Reporter of the New York Times wrote a compelling article stating the federal government will resume executions of death row inmates after a nearly two-decade hiatus, countering a broad national shift away from the death penalty as public support for capital punishment has dwindled.
Attorney General William P. Barr announced that five men convicted of murdering children will be executed in December and January at the federal penitentiary in Terre Haute, Indiana, and additional executions will be scheduled later. The announcement reversed what had been essentially a moratorium on the federal death penalty since 2003.
Prosecutors still seek the death penalty in some federal cases, including for Dylann S. Roof, the avowed white supremacist who gunned down nine African-American churchgoers in 2015, and Dzhokhar Tsarnaev, the Boston Marathon bomber. Both were convicted and sentenced to death.
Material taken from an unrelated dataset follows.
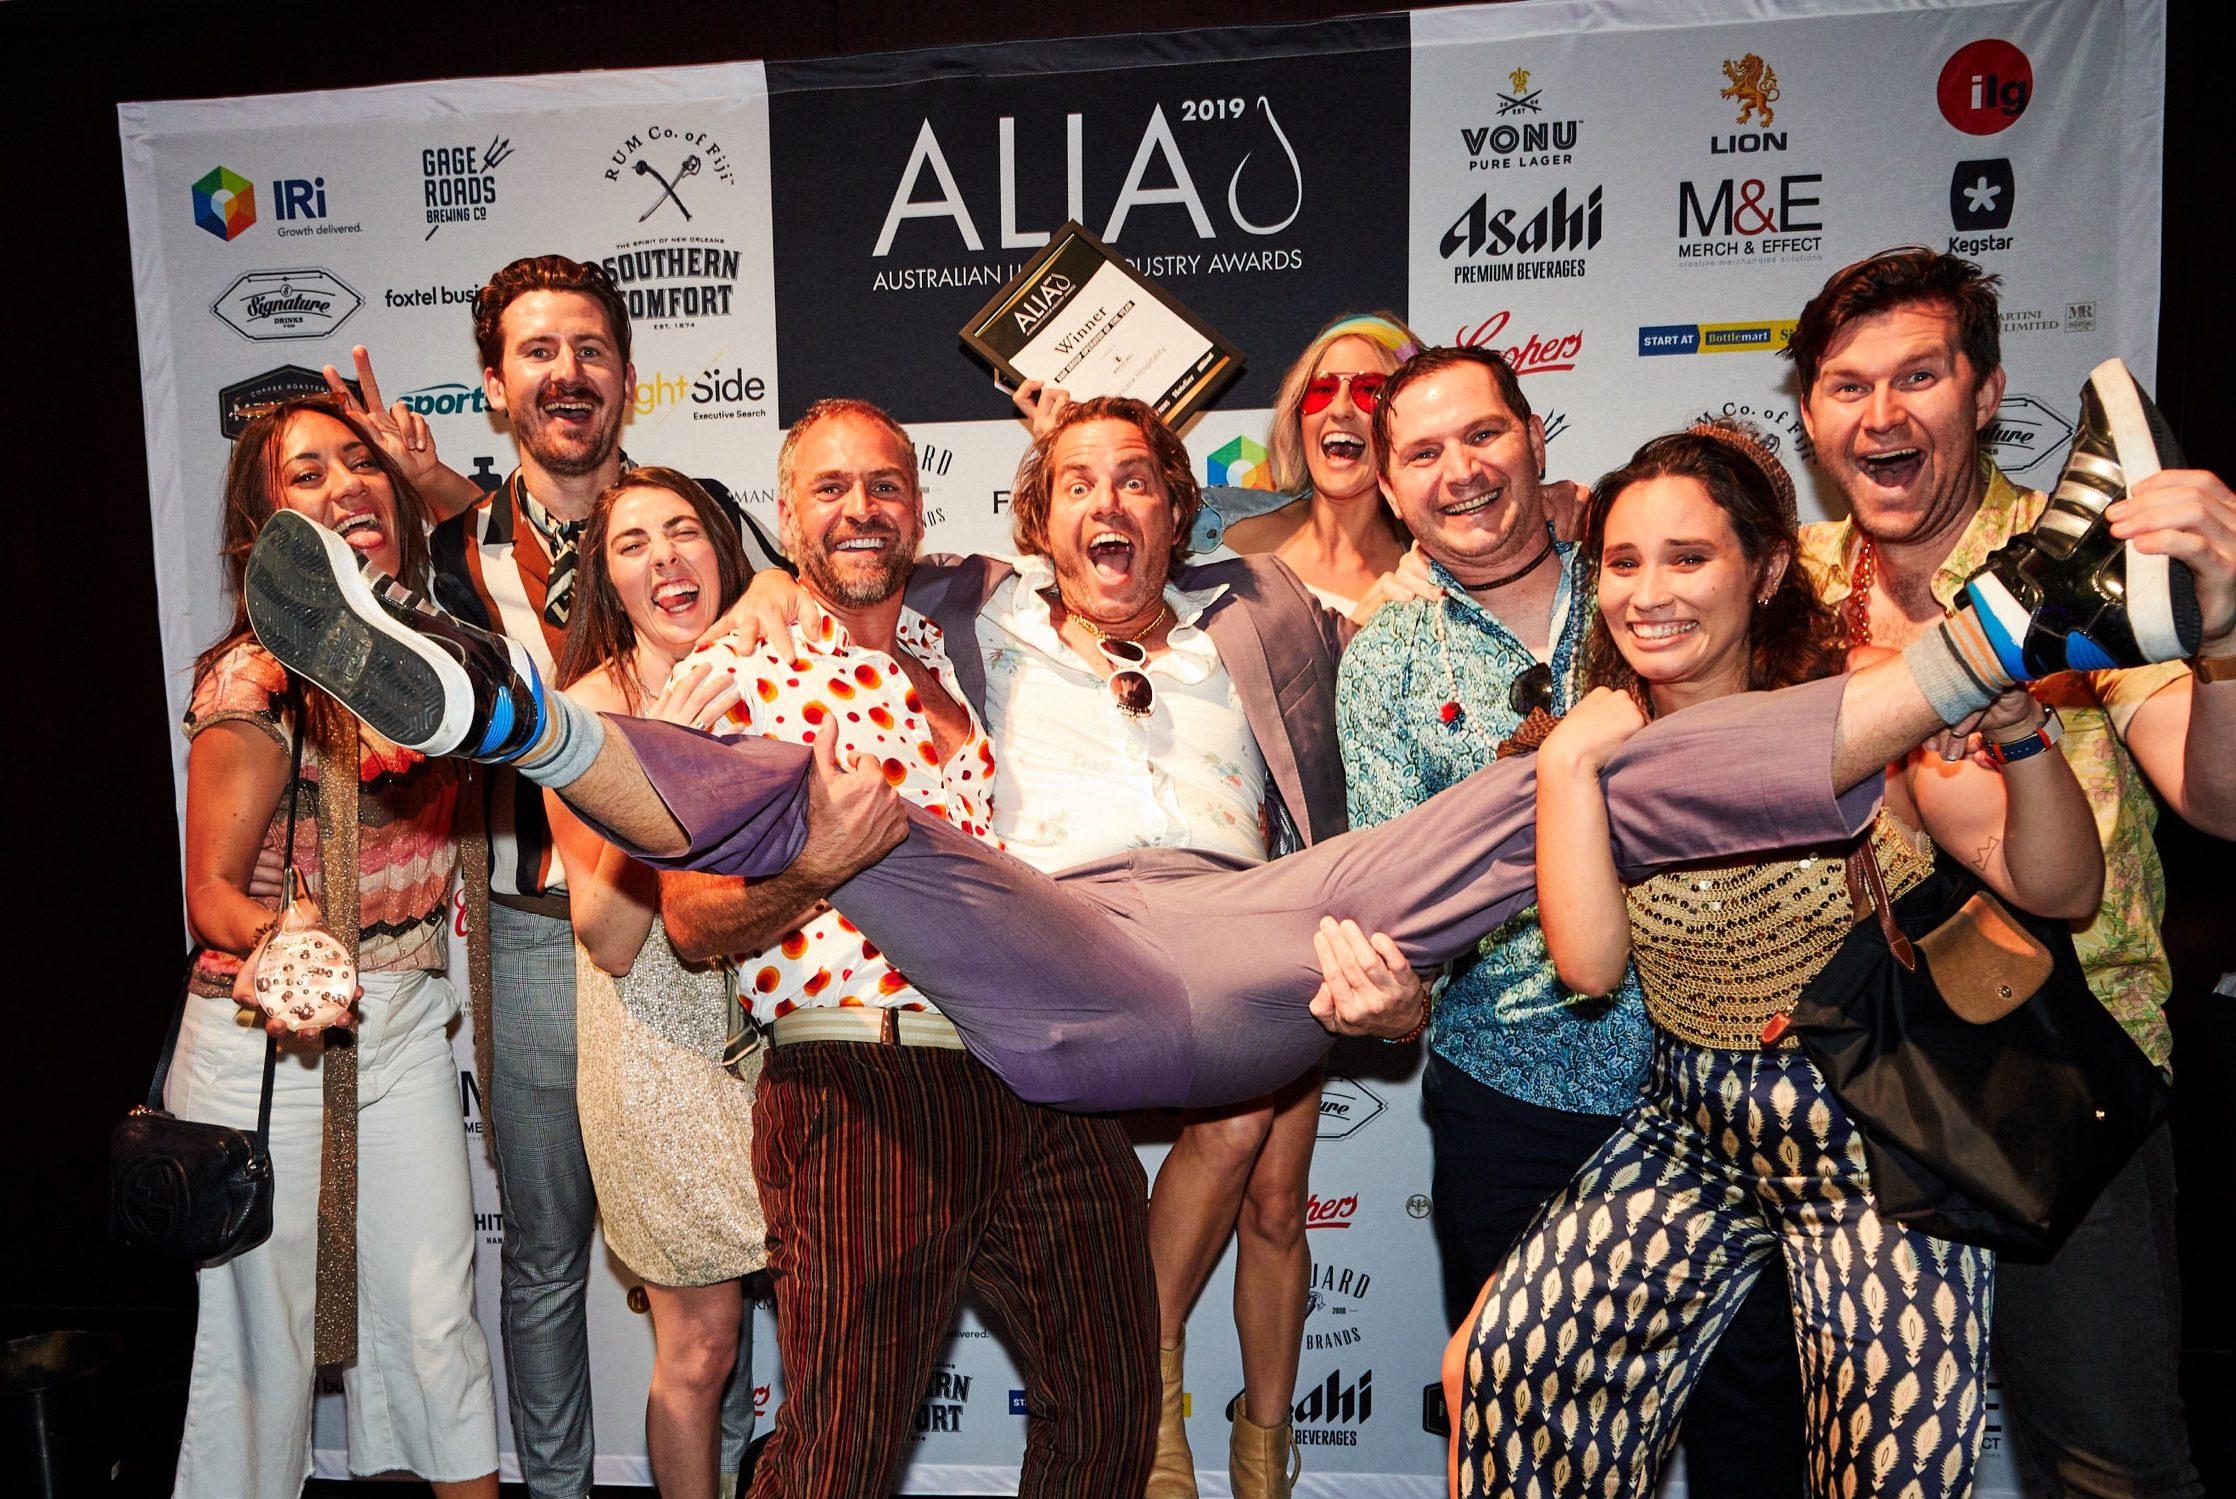 Alia Awards Applejack

President Trump has long supported the death penalty, declaring last year that drug dealers should be executed. By applying it to inmates convicted of murdering children, he may make a more politically powerful argument for it amid diminishing public support.
But public attitudes toward the death penalty have changed in the ensuing decades. Support for it went from nearly 80 percent in 1996 to a two-decade low three years ago, when just under half of Americans polled backed it for people convicted of murder, according to the Pew Research Center. Public backing of capital punishment ticked back up to 54 percent last year, the center found.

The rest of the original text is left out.